The first three days are spent in lazy bliss. Day four and I’m feeling a little off-colour. As the day wears on, it gets worse. Stomach bug – the first of this journey. No chills or sweats, no nausea, but the guts aren’t good.
The next two days are still lazy, but less blissful. Storms hit and a couple of nights it absolutely hammers down. The French Fries and I are dry under the roof. Frank is swimming.
By the time I gather up the will to drag myself away from Ayampe’s vortex of torpor, I am feeling better, if not quite back to match fitness.
The four of us vacate on the same day. Frank and I ride together, with the French Fries – masters of the slow getaway – a half hour or so behind. They catch us and overtake up the road in Puerto Lopez, where Frank spends 45 minutes trying to get cash at the bank.
We catch them an hour or so later, about 2km outside of a small town, when Paul gets a flat tyre. Mr Fixit Frank offers to change his tube but, incredibly, Paul lacks a spanner to remove the rear wheel axle from his stricken Transalp.
There’s a tyre repair shop in town, so Paul throws a politician’s speech worth of air into the deflated tyre and we lead him slowly there. Meanwhile Baudoin, who went in earlier to get help, has opted to get his bike washed. The bike wash guy also repairs tyres, so we leave the French Fries there in safe and wet hands and continue north up the coast.
After the fishy city of Manta, the road heads inland for a while.
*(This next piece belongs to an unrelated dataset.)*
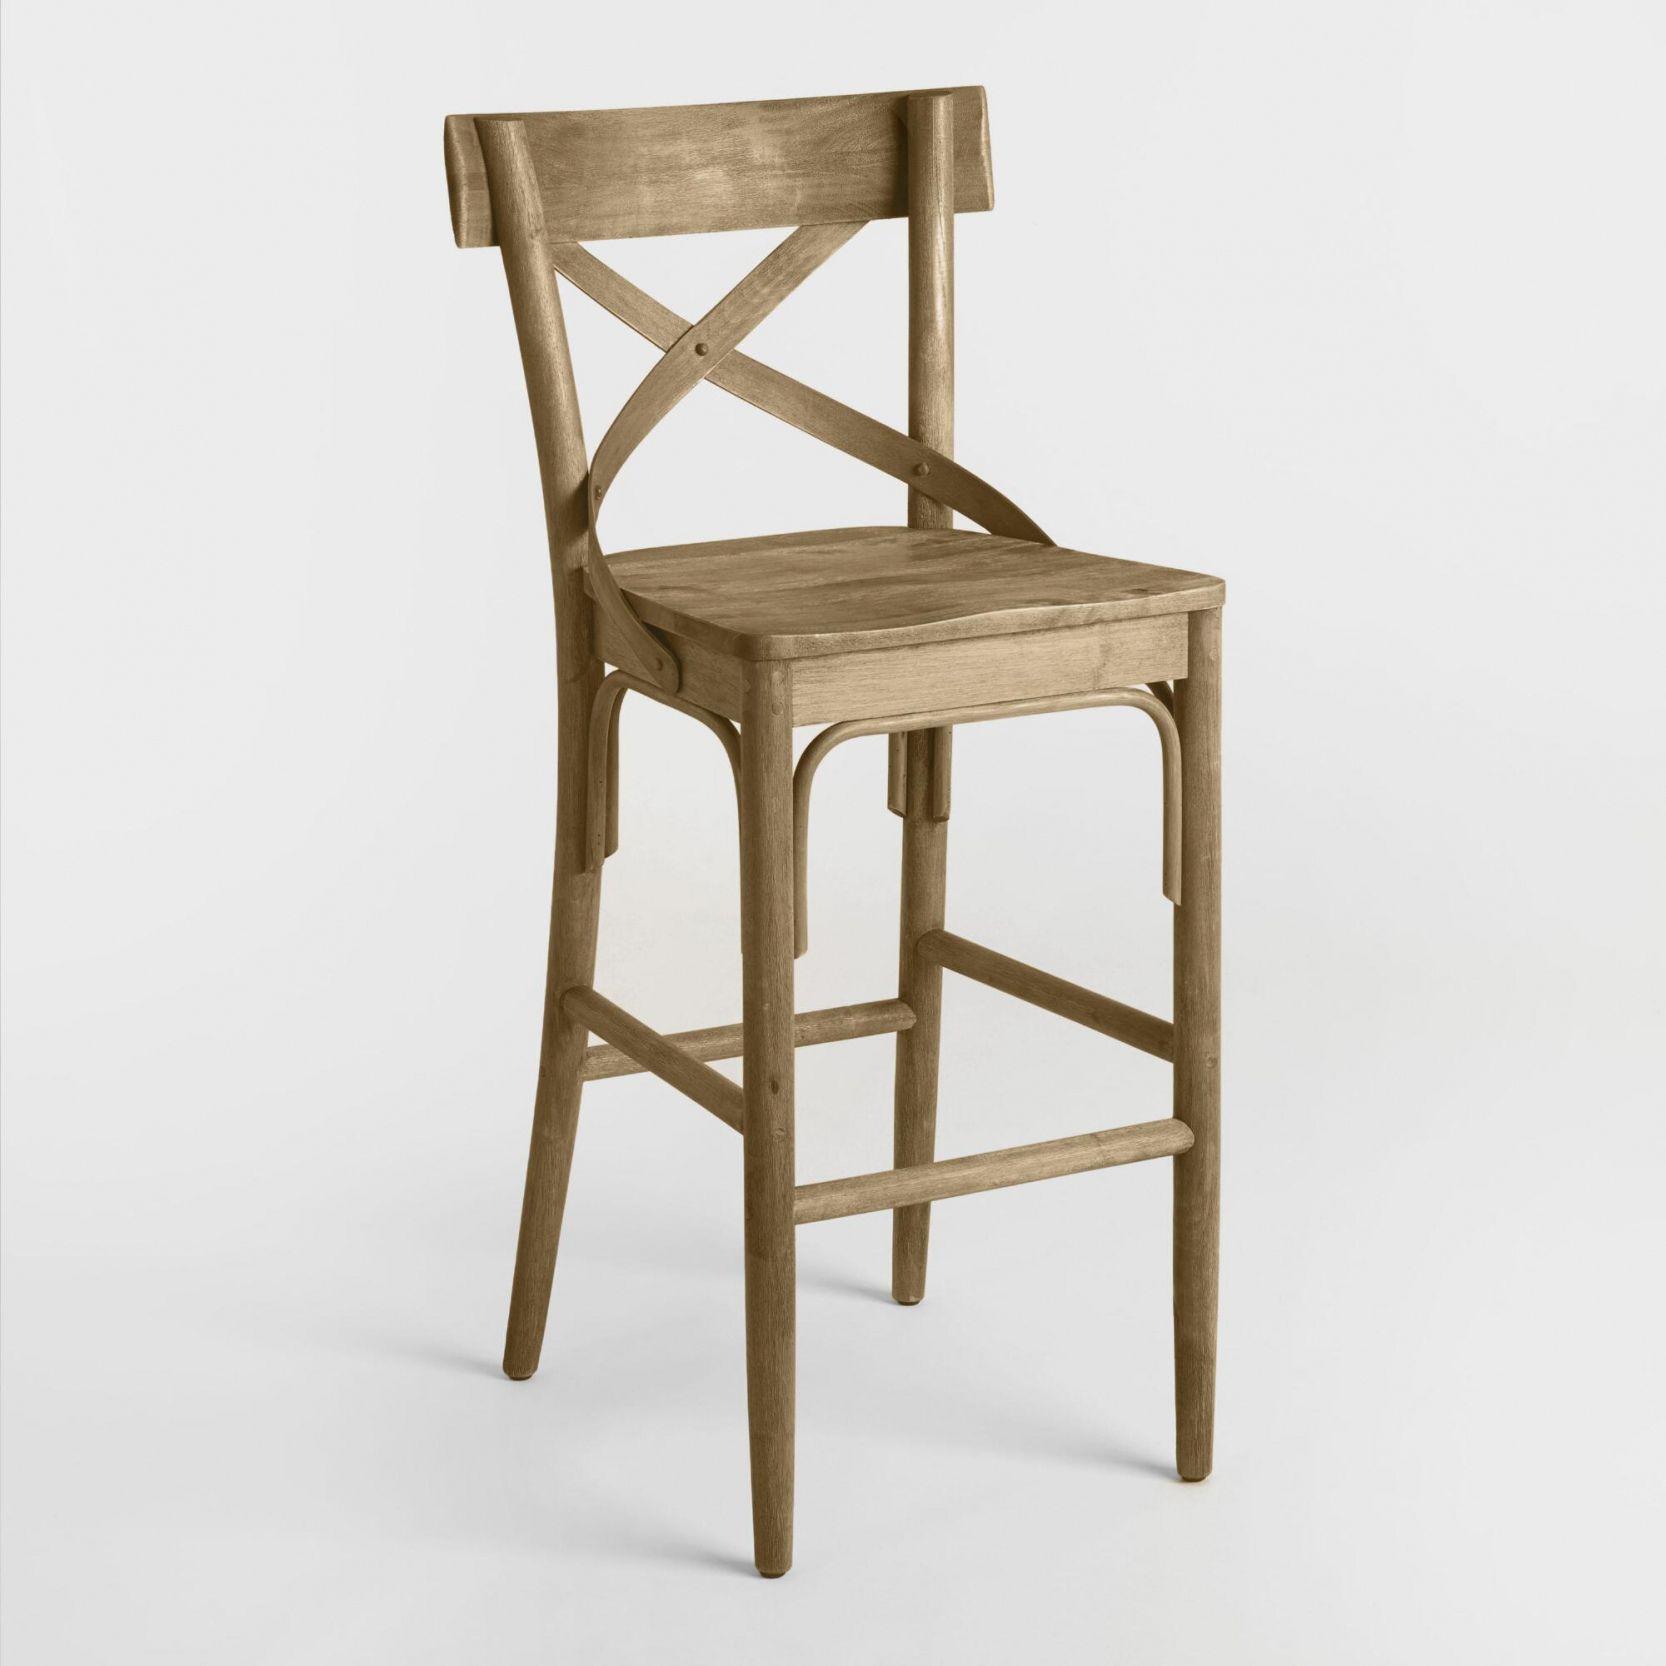 Pin by jooana on evolusion design concept pinterest bar stools

We’re aiming for Canoa, another surf town on this tropi-coolian Ecuadorian coast. The road returns to the sea at San Jacinto then veers away again until Bahia de Caraquez. A busy bridge traverses the beautiful Rio Chone estuary and links Caraquez and San Vicente.
The heat, the miles and the lingering bug all have me feeling a bit shit again. We pull into Canoa and I’m happy to down tools at the Eco Hostal Rutamar – the very first place we hit. It’s probably a little more than Frank wants to pay, but he knows I’m not at my best and graciously agrees to stay. We end up there for three nights as I try to shake off the gastro.
Of Canoa, I can’t say much. I lay low most of the time. It is bigger than Ayampe and not quite as green. The Eco-Hostal Rutamar is a comfortable place to stay, though. Decent rooms for the money and a kitchen available for guests to use.
Also staying at the hostal are Mark and Zoe and their daughter Flo. From Cornwall in the UK, they are on a surfing safari through Central and South America.
We hit it off with them instantly and become firm friends. There’s a common thread in that Frank owns a place in Cornwall and lived there before he went wandering. We talk travel, surfing, motorcycles, work, hobbies – whatever comes up. They are a lovely pair and easy to converse with. Flo (aka Flossy) is a whip-sharp 12-year-old with a keen sense of humour and all the attitude of a pre-teen, but without the sharp edges.
We fill them in on Ayampe (their next destination) and try to convince them of the benefits of overlanding with your own vehicle. So far, they have been catching buses from one place to another, which is a major hassle with three surfboards.
By day three, I’m back to throwing toilet shapes of normal frequency and consistency. Food is desirable again. It is time to move on.
Mark and Zoe have decided to buy a vehicle to continue their journey. After Ayampe, they will head to Chile to scout one out. There’s a fond farewell, with many handshakes and hugs, then Frank and I hit the road once more, first north to Pedernales and then east in the general direction of Quito.
A few weeks later, I get a touching WhatsApp message from Mark:
“So we have the van and Flossy spent hours cutting out stencils to name the van after the two guys that inspired us. What do you think?”
Stoked. Just stoked.
Comments
One response to “Going troppo”
Great post Pete, one of your best. It really took me to the place and atmosphere that you were enjoying. Keep it up. It brightens our lives and give us access to far away lands and cultures that are beyond our reach.